With such a wide array of victimized causes now requiring support, it has been difficult to select from among candidates in terms of partitioning out the resources at my disposal, chiefly anxiety and spare small change. However, courtesy of a lifelong set of stethoscope-themed adventures, the now looming threat that has gnawed me through is the likelihood of being inhumanely sorted into a new category of person: Patient with Pre-Condition.
I suffer from a long multi-syllabic, impassively-named genetic blood disease that has been my constant foe. While this non-elective journey has mostly been the worst thing to ever happen to me, it has afforded me a comprehensive tour of the la-la land of white coats, call centers, and third-party lab centers that comprise our slovenly health care system.

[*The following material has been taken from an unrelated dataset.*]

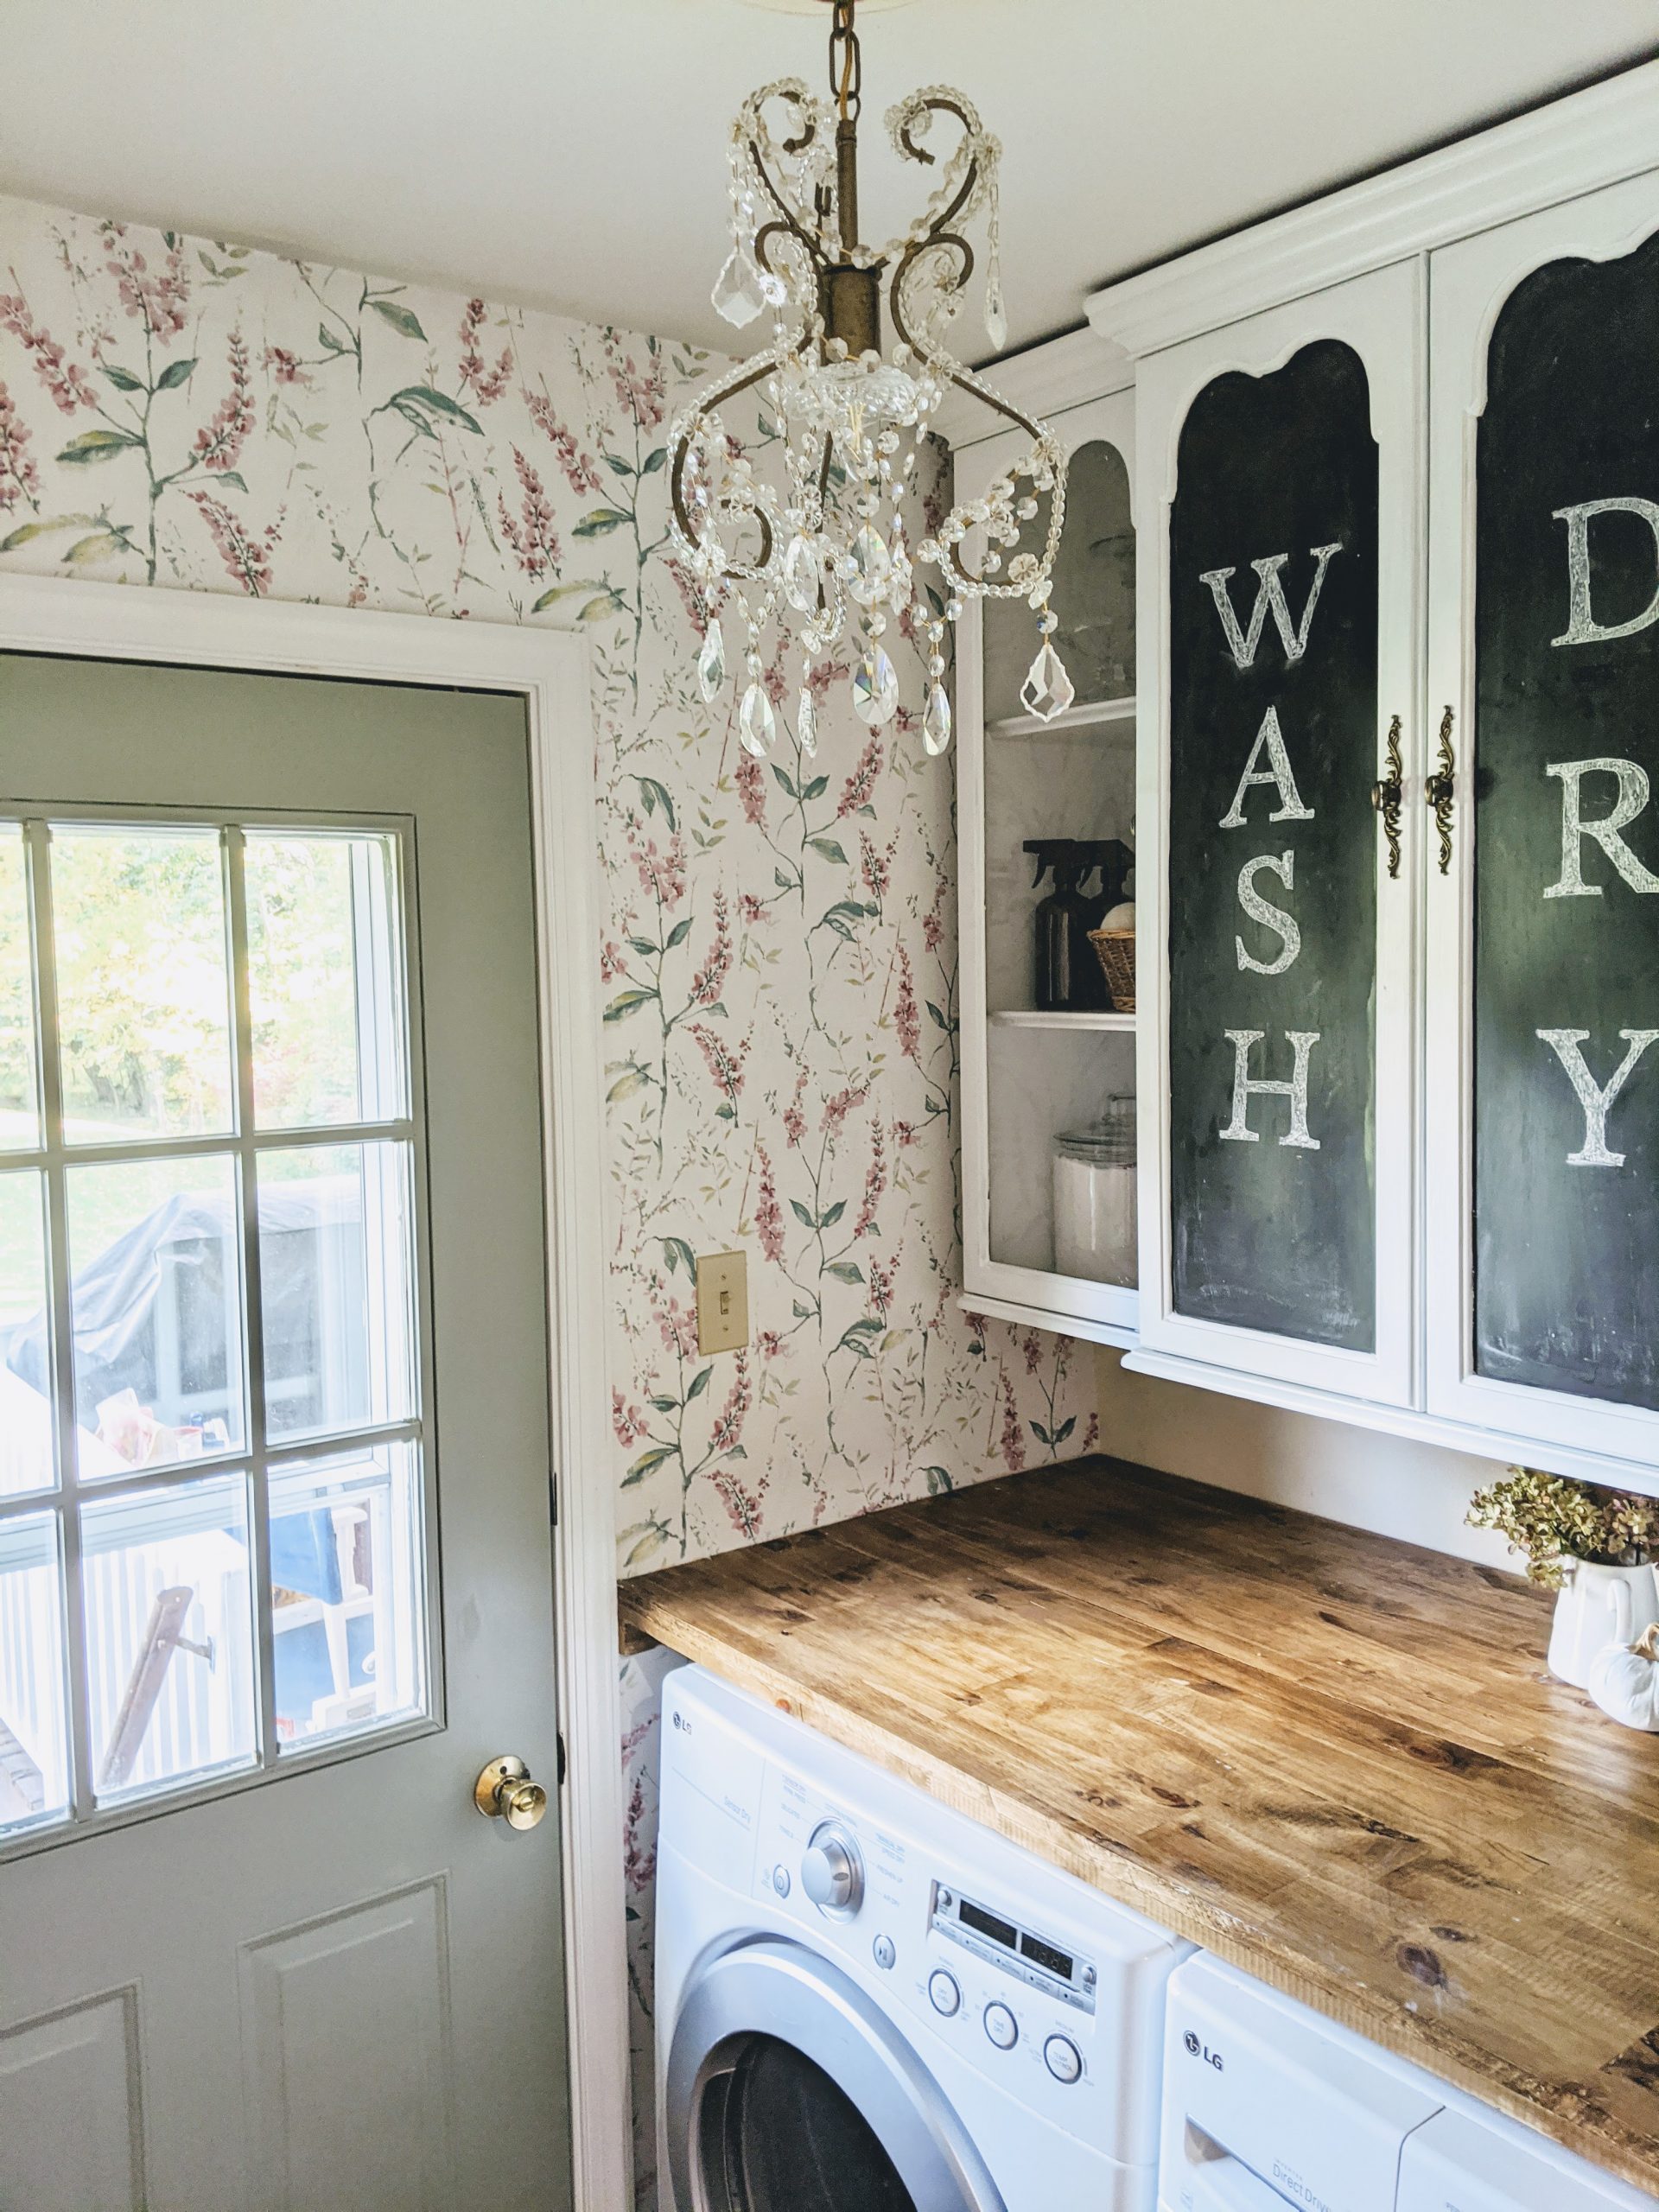 The ultimate laundry room organization!, Thrifty Decor Chick

Courtesy of this grand tour of linoleum-floored health care behemoths, I’ve seen the worst of our medical system. I’ve also seen the best of our medical system. I’m aware of the petty power plays between hospitals, insurance carriers, and patients. Ask anyone who has suffered from something more obscure than Type-easy-to-diagnose flu or Middle Class ennui, they’ll have wild tales of oopsie-daisy operations, double-billings, and inaccurate diagnoses. In my case, these occurrences did not diminish with the passing of the Affordable Care Act; and, I know the ACA has many flaws... but, I wouldn’t be here without it. So, seriously, stop telling me Obamacare is the worst idea ever actualized. That’s the same as telling me my life is acceptable collateral damage to your political victory.
Stop telling me Obamacare is the worst idea ever actualized. That’s the same as telling me my life is acceptable collateral damage to your political victory.
Before you go brushing me off as one more whiny millennial, understand that 52 million people with pre-existing health conditions, who depend on insurance in ways you seem not to understand, would lose coverage in the event of repeal. That’s roughly 1 in 4 Americans according to the Kaiser Foundation. I get that the Affordable Health Care Act originated from the pen of a politician you didn’t and don’t support. I guess I never concerned myself with the ACA’s origin stories: I was too busy celebrating the ability to live independently, buy a home, and access a previously unaffordable treatment that has preserved not only my life but my will to live. For me, the ACA has nothing to do with politics. It has to do with survival.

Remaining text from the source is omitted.